Quais têm sido os principais obstáculos a esta transição de uma economia linear para circular?

O primeiro é claramente a compreensão do que é que se trata quando falamos em materiais que possam ser reintroduzidos, que possam ser reutilizados, que possam ser redesenhados até. Portanto, é importante ir informando as pessoas, os diferentes agentes da existência destes materiais. É por isso que em Portugal se criou, creio que estamos a ser pioneiros nesta matéria, um portal – o Eco.nomia – de showcase das experiências da economia circular e circularidade de um conjunto de empresas, entidades e países, assim como de algumas multinacionais e empresas estrangeiras que operam em Portugal. Há questões de financiamento, obstáculos que temos de trabalhar. Nos produtos, bens e serviços clássicos são identificáveis quem é o dono e como é que ele é transaccionado. O seu valor está pré-identificado, mesmo que decorra da oferta e da procura. Na economia circular vamos ter aqui temas muito interessantes porque é uma nova economia num certo sentido. Estamos a falar de materiais que vão ter um valor que vai mudando na cadeia de valor à medida que vai sendo transmitido e pode ser que faça sentido que a última transação gere valor para o primeiro agente que colocou este produto no mercado. A forma como se partilha o upside é um tema que está a ser debatido no âmbito da economia circular. Temos bancos internacionais, que têm equipas inteiras a debater esta matéria porque a própria forma de financiamento de uma cadeia de valor desta natureza é muito distinta daquela que é a tradicional. Há barreiras também ao nível da escala de tempo e da forma como olhamos para o produto e para os serviços, ou seja, estamos muito habituados a olhar para o produto que temos à frente e esquecemos que há todo um ciclo de vida. Podemos olhar para os produtos como um elemento num ciclo de vida. É muito, muito importante. Temos também de quebrar outras barreiras, como a obsolescência programada. Muitos produtos que consumimos hoje em dia, como telemóveis, estão desenhados para não durar dez anos. São desenhados para durar porventura três anos. Há aqui um trabalho com a indústria de vários segmentos para esticar mais a vida dos produtos. As preferências sociais vão ter que mudar. Vamos ter também que fazer um trabalho de sensibilização coletiva, no sentido de as pessoas considerarem que é importante terem produtos que durem mais tempo e que contenham materiais que são reintroduzidos no processo económico.

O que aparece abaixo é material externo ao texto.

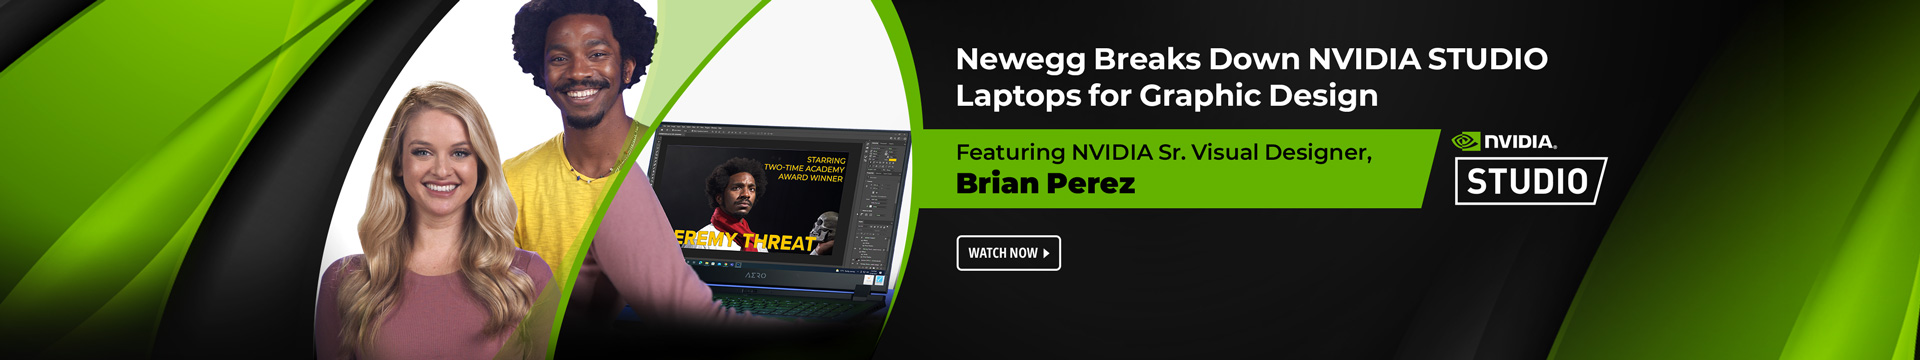 Newegg Breaks Down Nvidia Studio Laptops for Graphic Design

Mas já se verificam mudanças na preferência dos consumidores?

A preferência do consumidor está a mudar. O facto de a mobilidade e de as preferências da mobilidade estarem a mudar influencia este debate. Os millennials e as gerações sucessivas, com toda a probabilidade, não vão ter carro próprio, por exemplo. Há uma série de matérias que estão a mudar e é fascinante. Estamos a todos os níveis na nossa sociedade no advento de uma nova era de consumo e de produção.

É necessário alterar os critérios de financiamento para que sejam incorporados os objetivos da economia circular?

Temos que aprender todos a olhar para o ciclo de vida de um determinado produto e só assim é que sabemos o que estamos a apoiar do ponto de vista do financiamento, seja público, seja privado. Nesse sentido também temos de colaborar, entidades públicas com a banca, no sentido de identificar o serviço, o valor associado à circularidade.

A banca tradicional está disponível para estas alterações?

Está no início, até porque este movimento está no início. Na Europa, a economia circular tem hoje uma expressão muito interessante em países como a Holanda e a Alemanha. Creio que, no sul da Europa, Portugal tem liderado. A banca, o sistema financeiro e o sistema fiscal claramente estão no início de uma conversa que vamos ter que fazer. O sistema fiscal também tem que começar a ser direccionado, como já o foi tantas vezes no passado, para apoiar, incentivar, para o consumo de bens ou de serviços mais associados à circularidade.